31. The device of claim 29, wherein the wave launch zone, at the input of the conductor line, has a conventional structure in which the elongate conductor, the dielectric and the partial ground plane are assembled, the ground plane being interrupted at a short distance from the input of the conductor line and then being replaced with the plasma, the conductor not extending substantially beyond the boundary of the ground plane.

32. The device of claim 24, wherein the conductor is made of a copper alloy chosen from the group comprising brass and, preferably, beryllium copper.

33. The device of claim 24, wherein the conductor is mechanically fixed to the dielectric.

34. The device of claim 24, wherein the conductor is screen-printed onto the dielectric.

35. The device of claim 24, wherein the dielectric has a dielectric loss tangent tanδ of between 10−4 and 10−2.

36. The device of claim 24, wherein the dielectric is silica or a ceramic, preferably aluminum nitride or boron nitride.

37. The device of claim 24, wherein the device is placed in a conducting housing acting as a Faraday cage.

38. The device of claim 24, wherein a dielectric housing is placed on the dielectric substrate of the conductor line and above the conductor, and in that a coolant of low dielectric loss circulates in said housing.

39. The device of claim 24, wherein a heat sink made of a dielectric material, through which a coolant flows, is placed over the entire free face of the conductor.

40. The device of claim 24, wherein the elongate conductor is a hollow longitudinal conductor provided at each of its ends with an opening for the circulation of a coolant.
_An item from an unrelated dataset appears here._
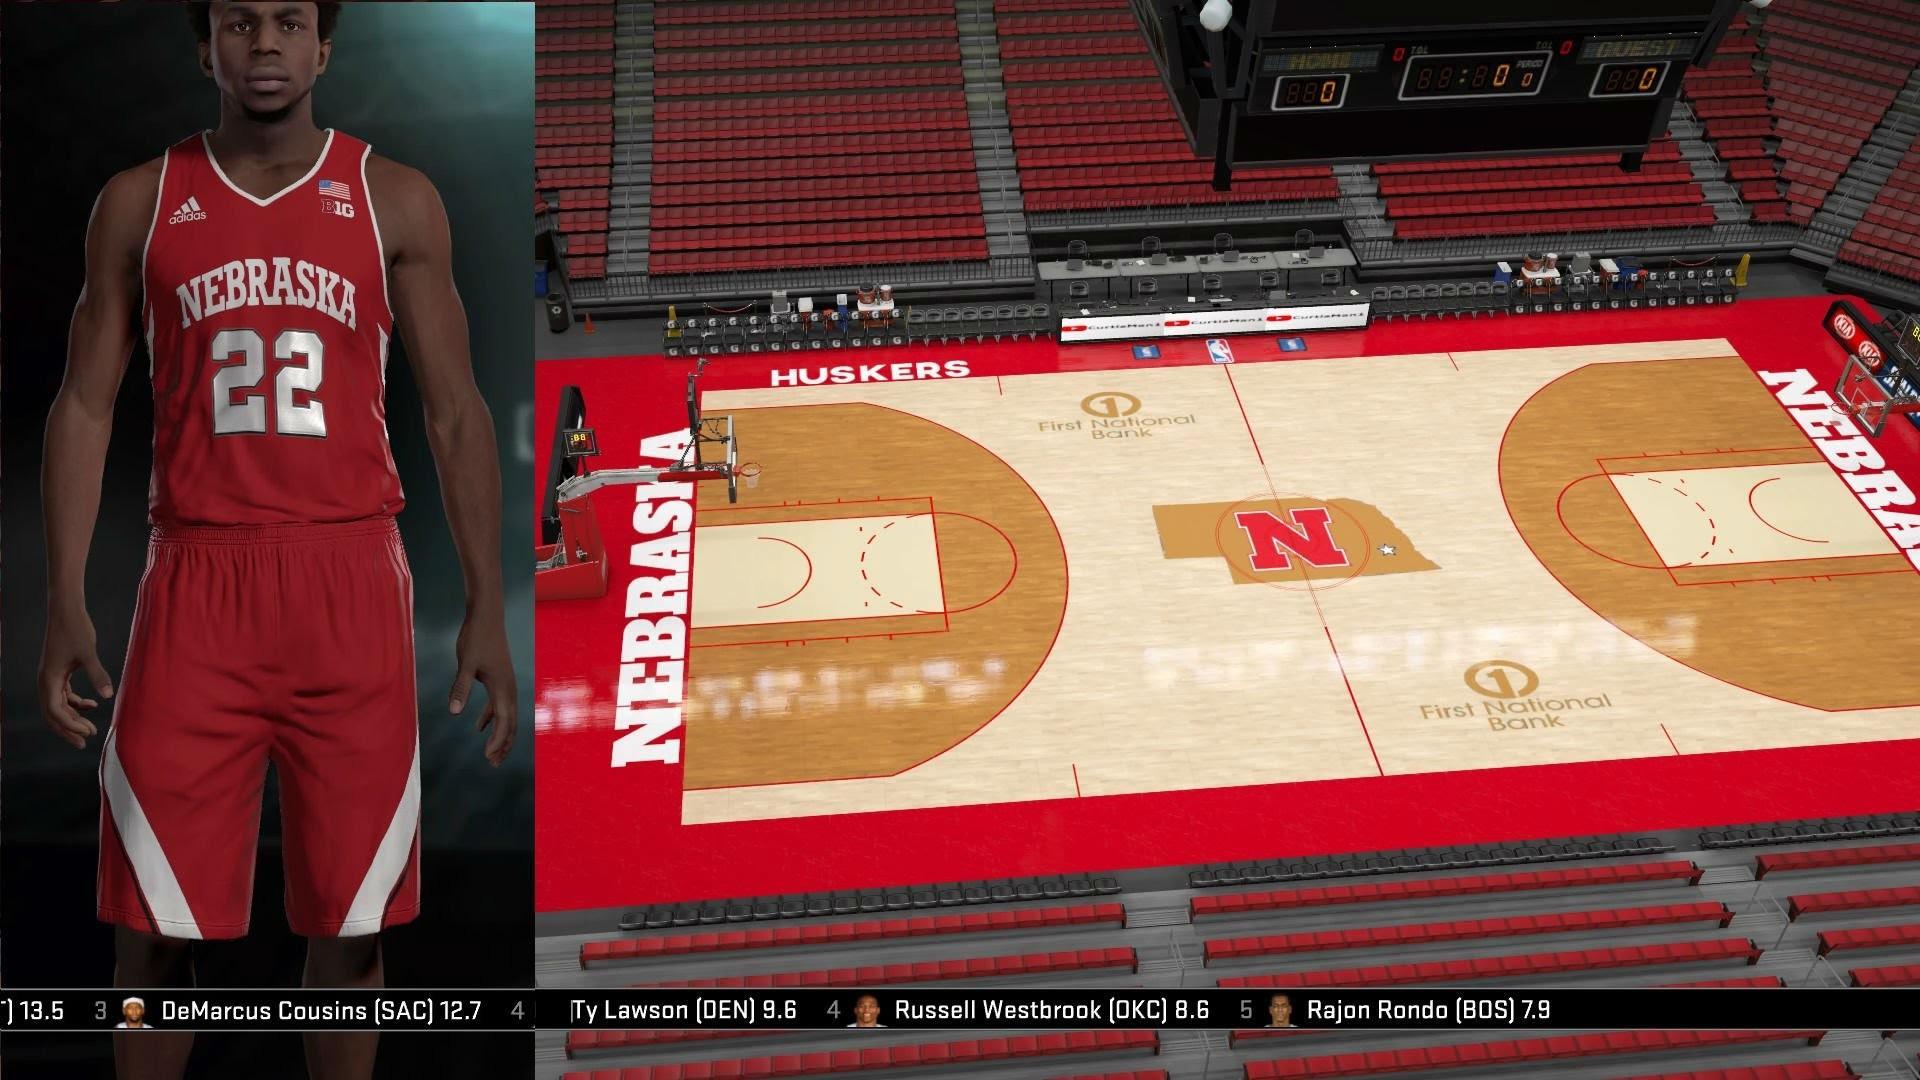 Nebraska Cornhuskers Jerseys & Arena Tutorial (NBA 2K16)

41. The device of claim 24, wherein it includes means for cooling the dielectric substrate.

42. The device of claim 41, wherein the dielectric has channels in which a coolant circulates, or in that the dielectric is placed on a support having channels in which a coolant circulates.
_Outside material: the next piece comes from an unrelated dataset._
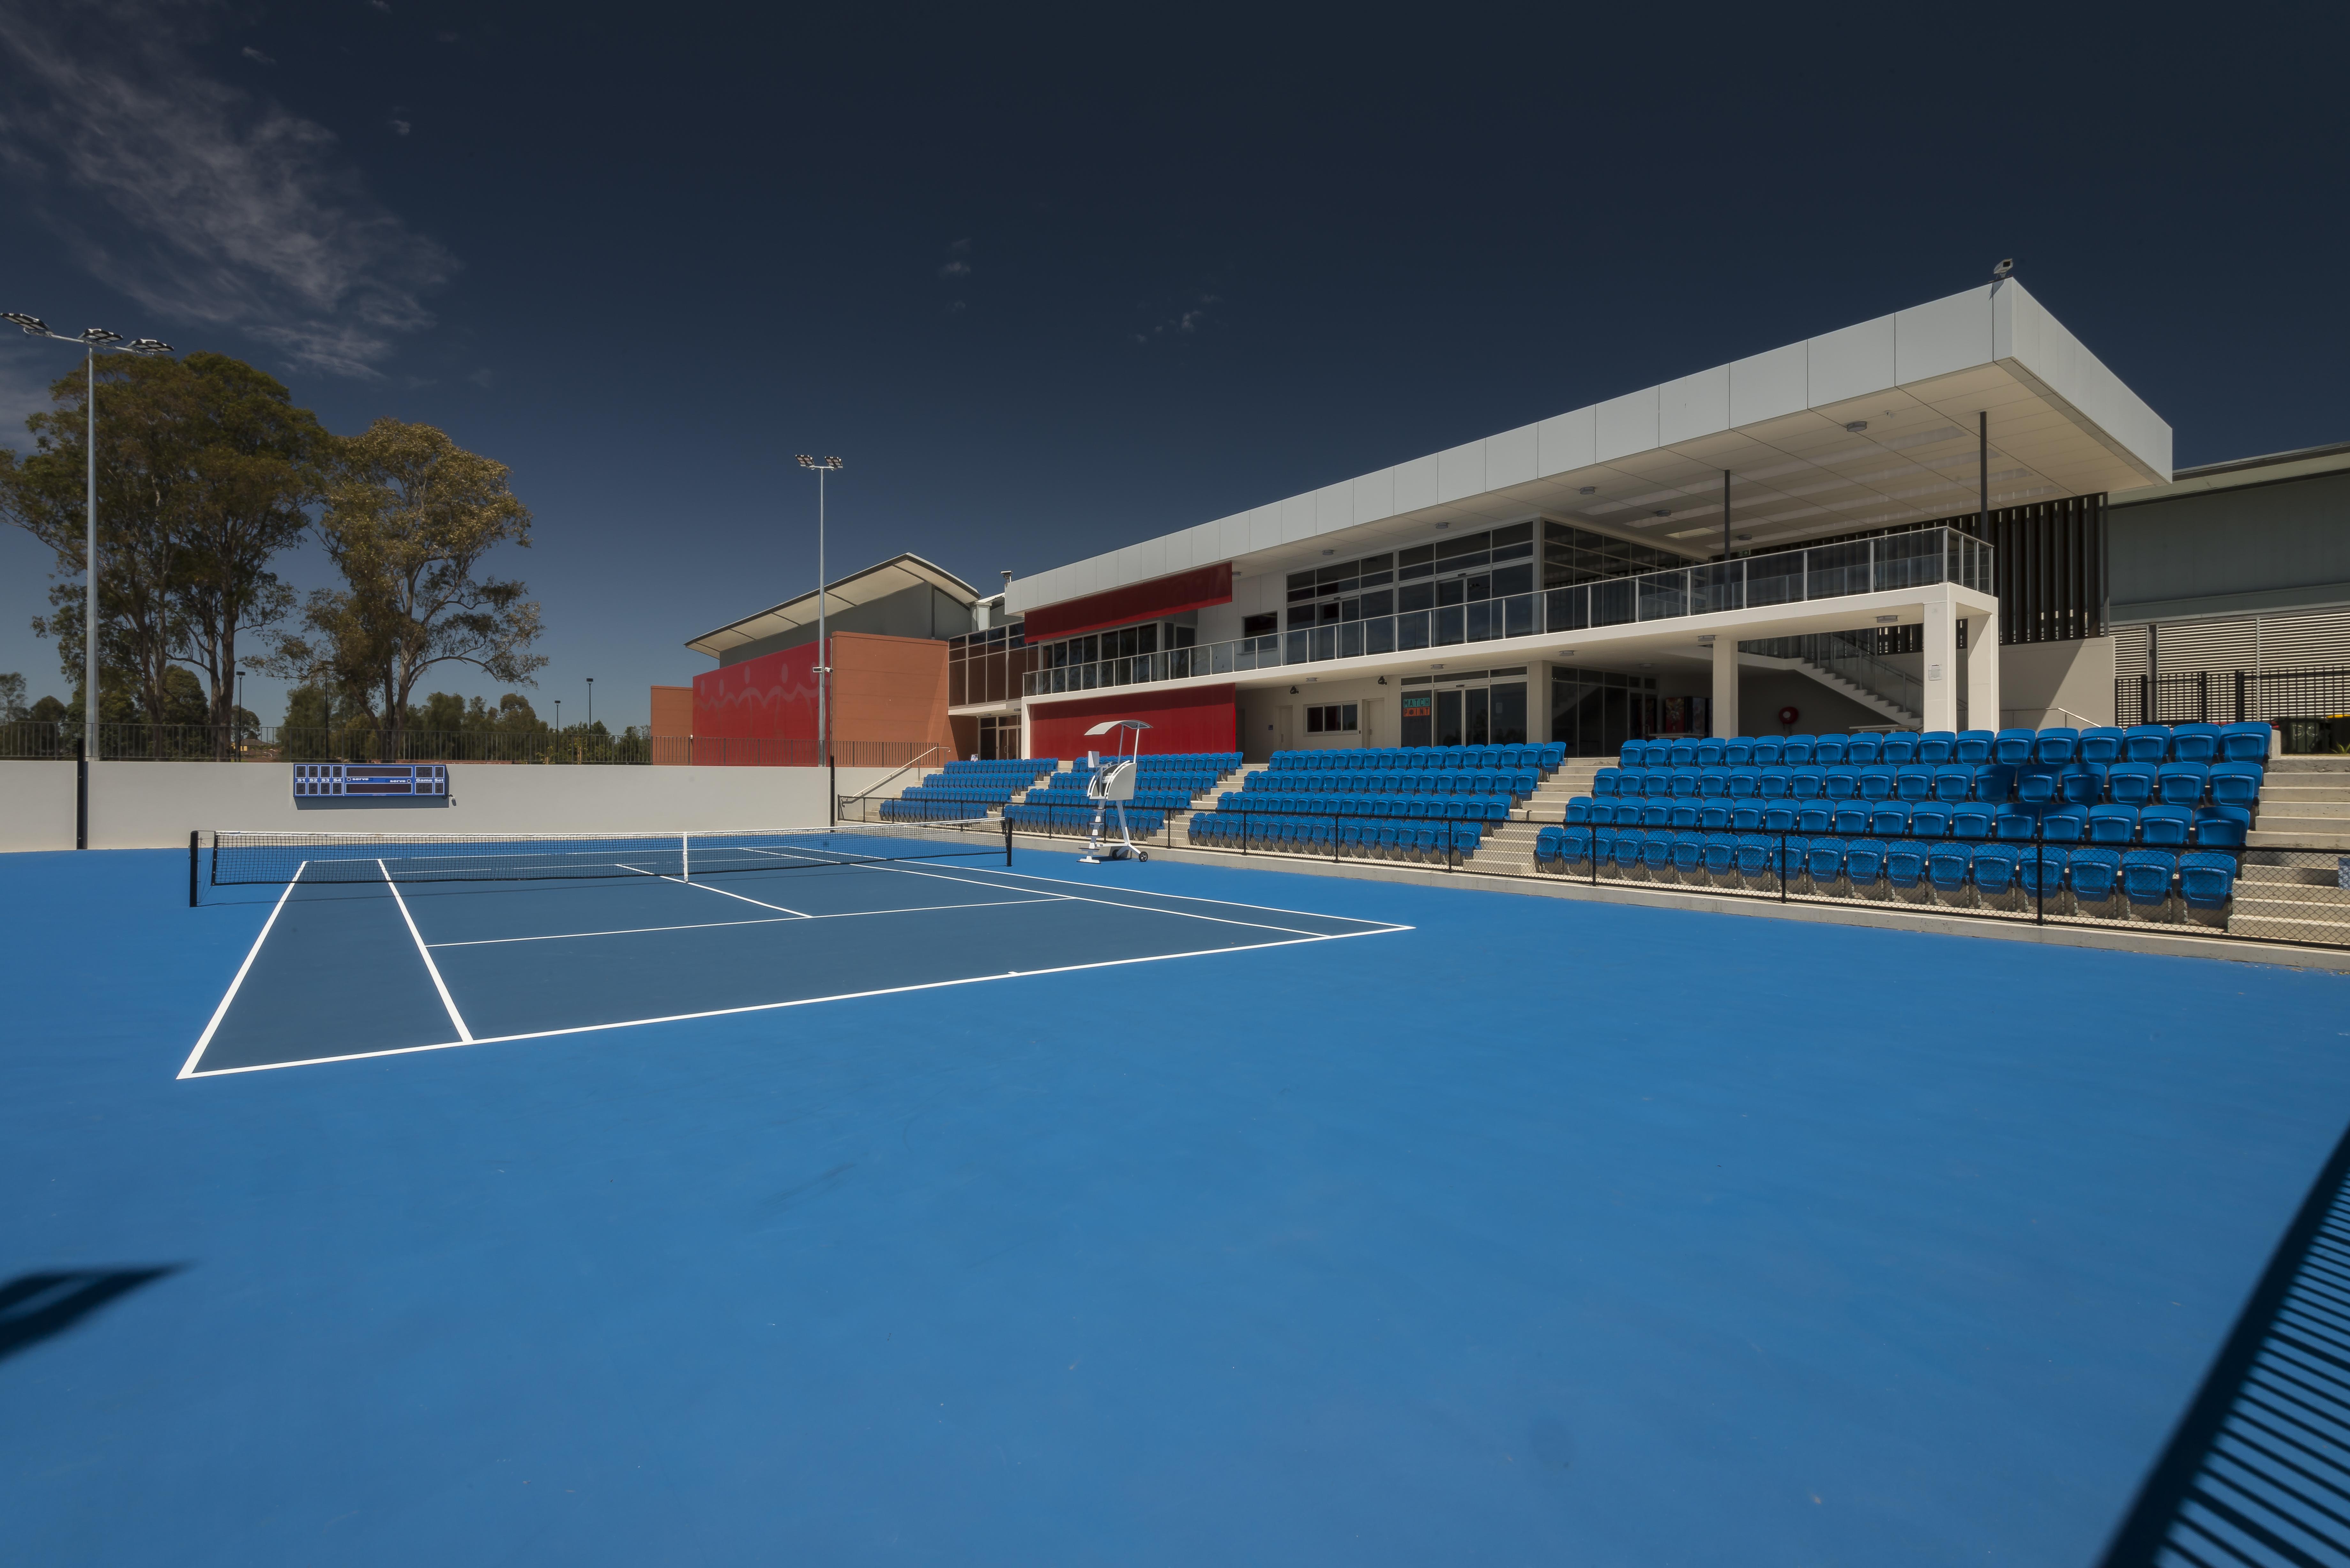 Endeavour hills tennis club

43. The device of claim 24, wherein the surface of the conductor is coated with a coating of a metal which is a good electrical conductor and is resistant to oxidation, such as gold.

44. The device of claim 24, wherein said impedance matching system is produced from impedance matching components produced in the actual structure of the conductor.

45. A plasma generator device, comprising at least two of the devices claim 24.

46. A plasma torch comprising at least one very high-frequency source connected via an impedance matching device to an elongate conductor, fixed to a dielectric support, and at least one means for cooling said conductor, said dielectric support being longitudinally penetrated by a channel via one end of which the gas is injected and in which the plasma forms, the active species of said plasma being extracted by the gas flow via the opposite end.